Охотничье оружие, нарезное и гладкоствольное, было запрятано. Кабана голой рукой не возьмешь, и рассказы австрийца, вначале помаслившие старика, раздражали.
— Хватит тебе язык чесать, — буркнул Лука, — какой теперь кабан? Небось всего ветром выдуло.
Франц пробовал оправдаться. Лука оборвал его и, покряхтывая, удалился. У крыльца искоса оглянулся. Австриец сидел на куче чернолозника и сворачивал цигарку.
— Я тебе, — погрозил Лука, — лодырь.
Павло отдыхал. Он сидел в горнице на лавке, поставив под ноги низенький стульчик и прильнув щекой к потертой гармонике. Пальцы лениво перебирали лады. Он был в новой рубахе черного сатина.

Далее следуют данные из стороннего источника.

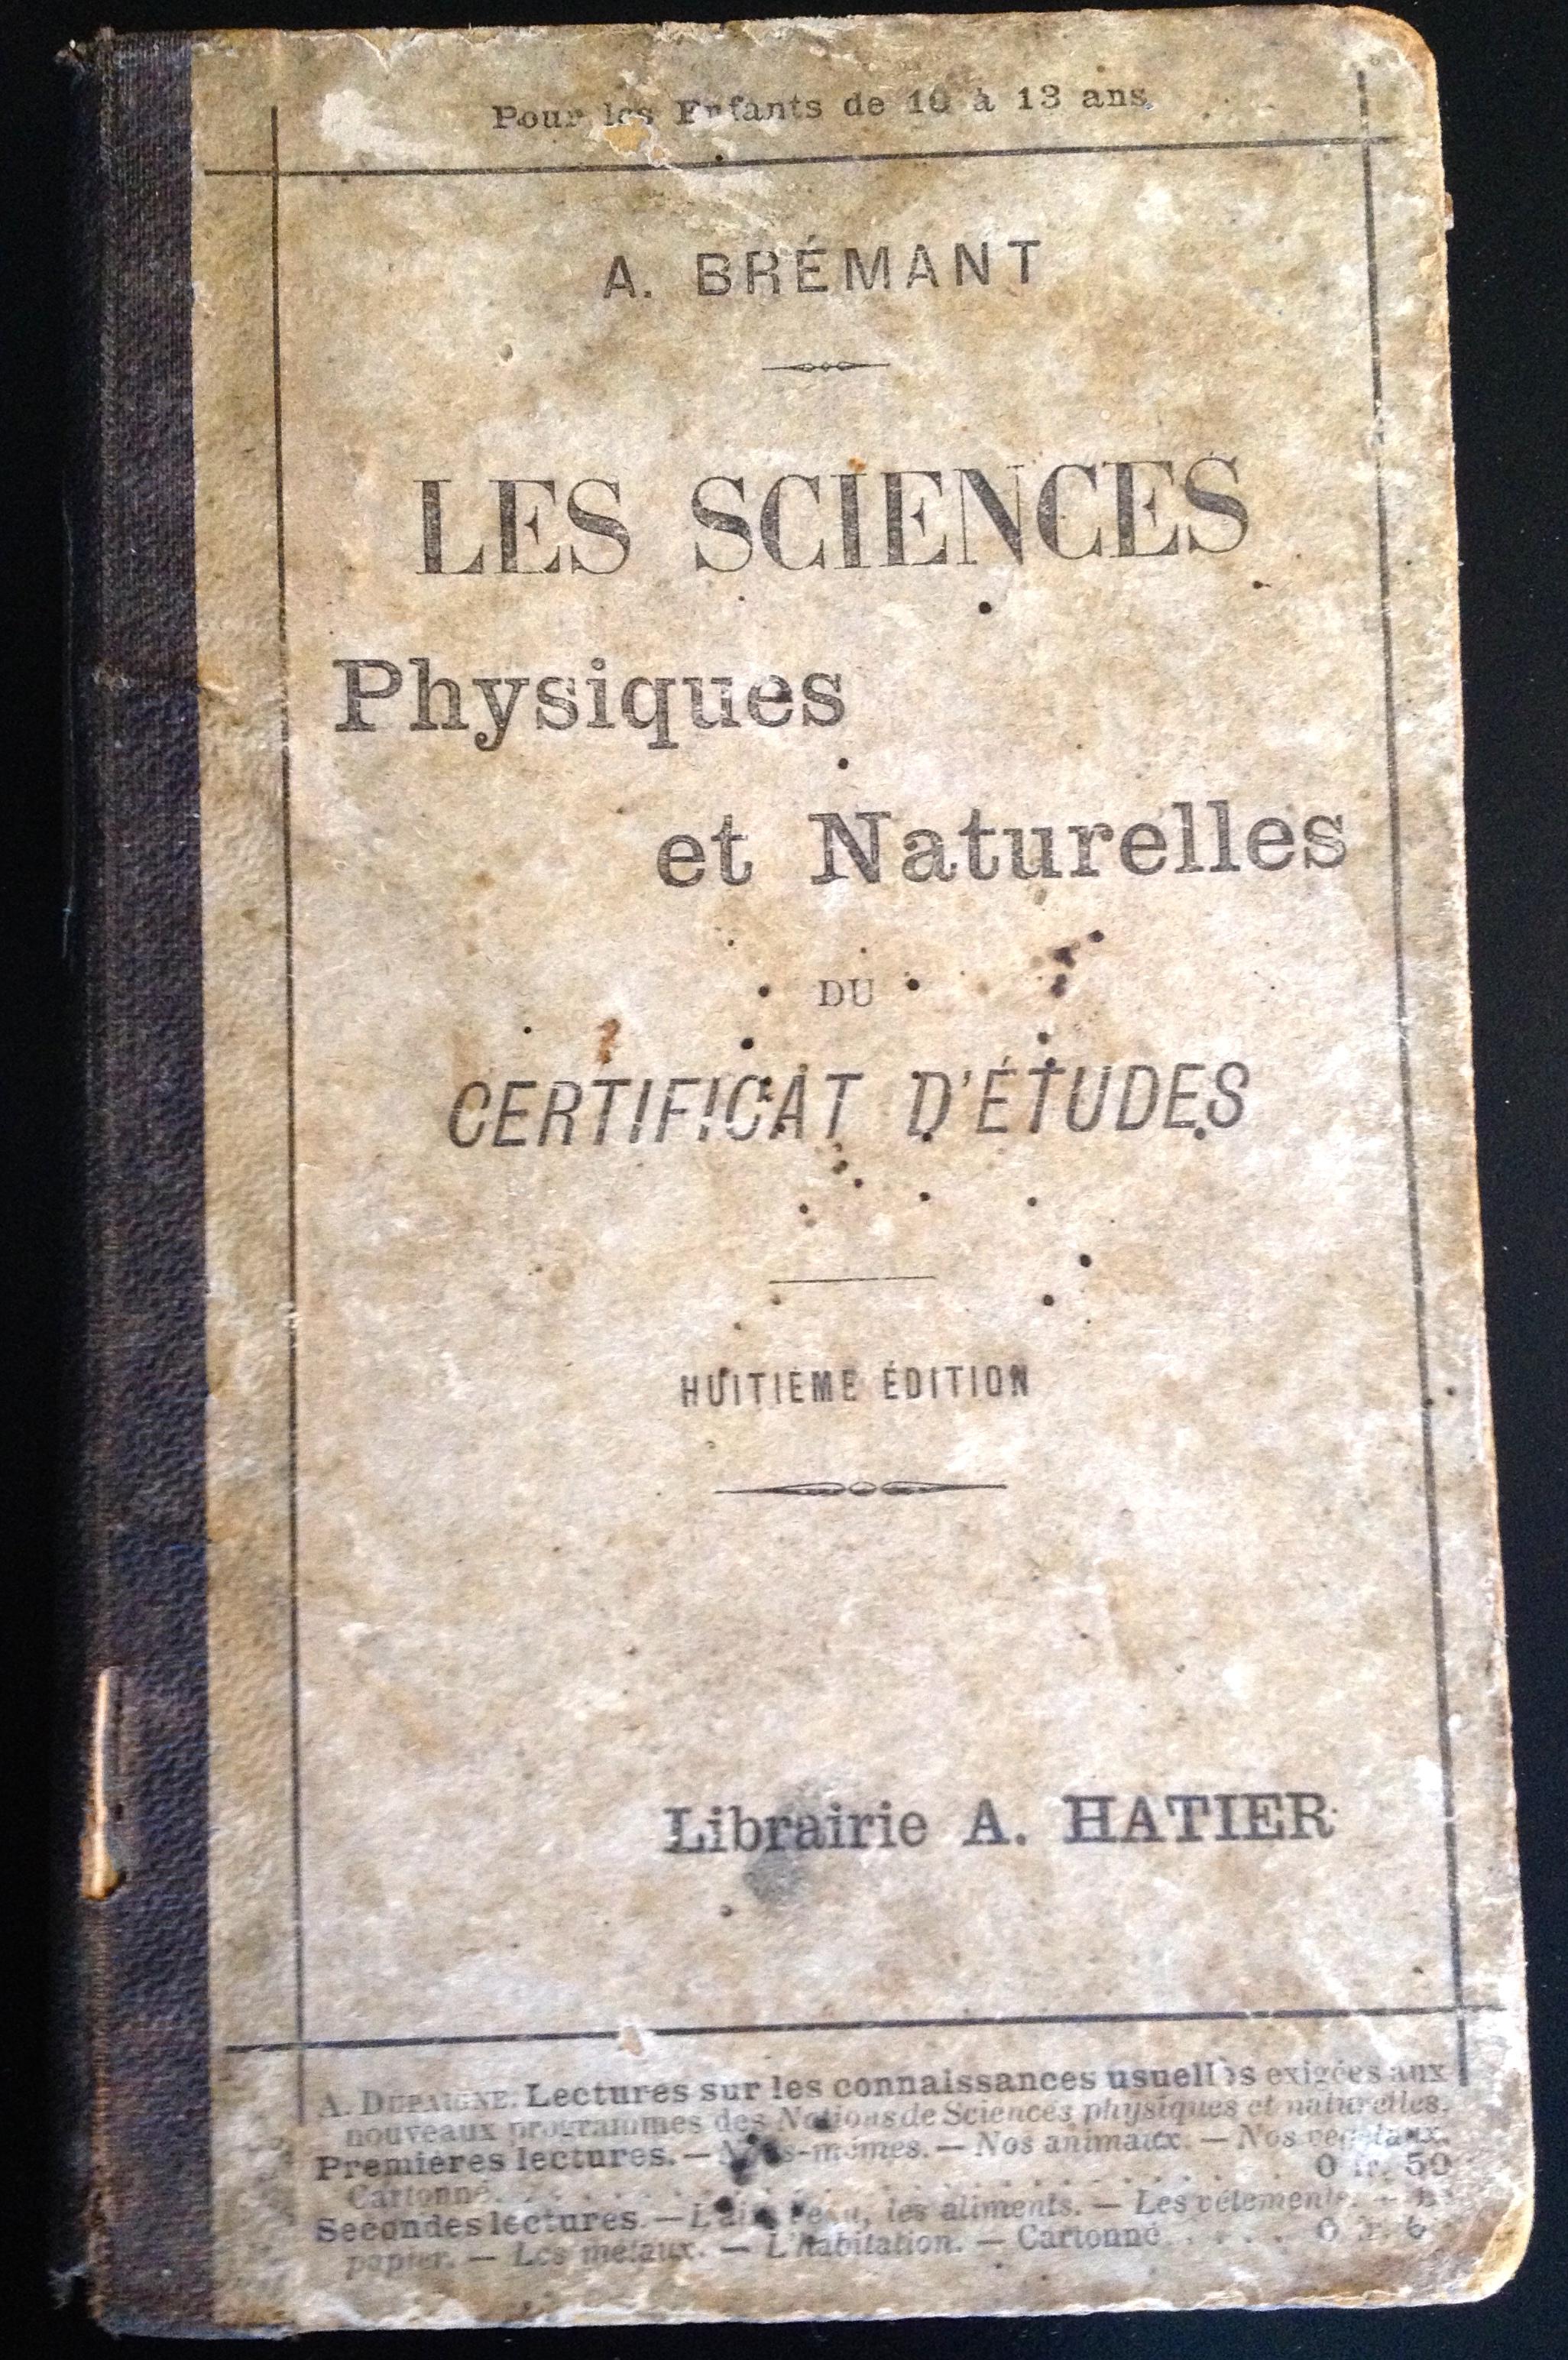 Livre Sciences physique et naturelles

Тут же, у его ног, сидела Любка. Обхватив колени руками, она вполголоса подпевала мужу.
Ой, полети, утка,
Против воды прутко,
Перекажи матусеньци,
Павло был сегодня особенно приветлив, и Любка, тревожно вглядываясь в его потемневшие глаза, находила в них печаль и особую притягивающую красоту. Песня, пришедшая на линию от казаков-черноморцев, была печальна и по содержанию и по мотиву. Любке не хотелось, чтобы ее любимый умирал и чтобы он пел эту сумную песню. Истосковавшись по мужу за годы войны, она всячески хотела продлить свое женское счастье. Вот он, молодой, красивый, с темно-русыми кудрями. Не в обычае молодых казаков носить прическу. Кубанский казак всегда либо бреется, либо стрижется под машинку, но Павло привез новую моду с фронта, и Любке так больше нравится.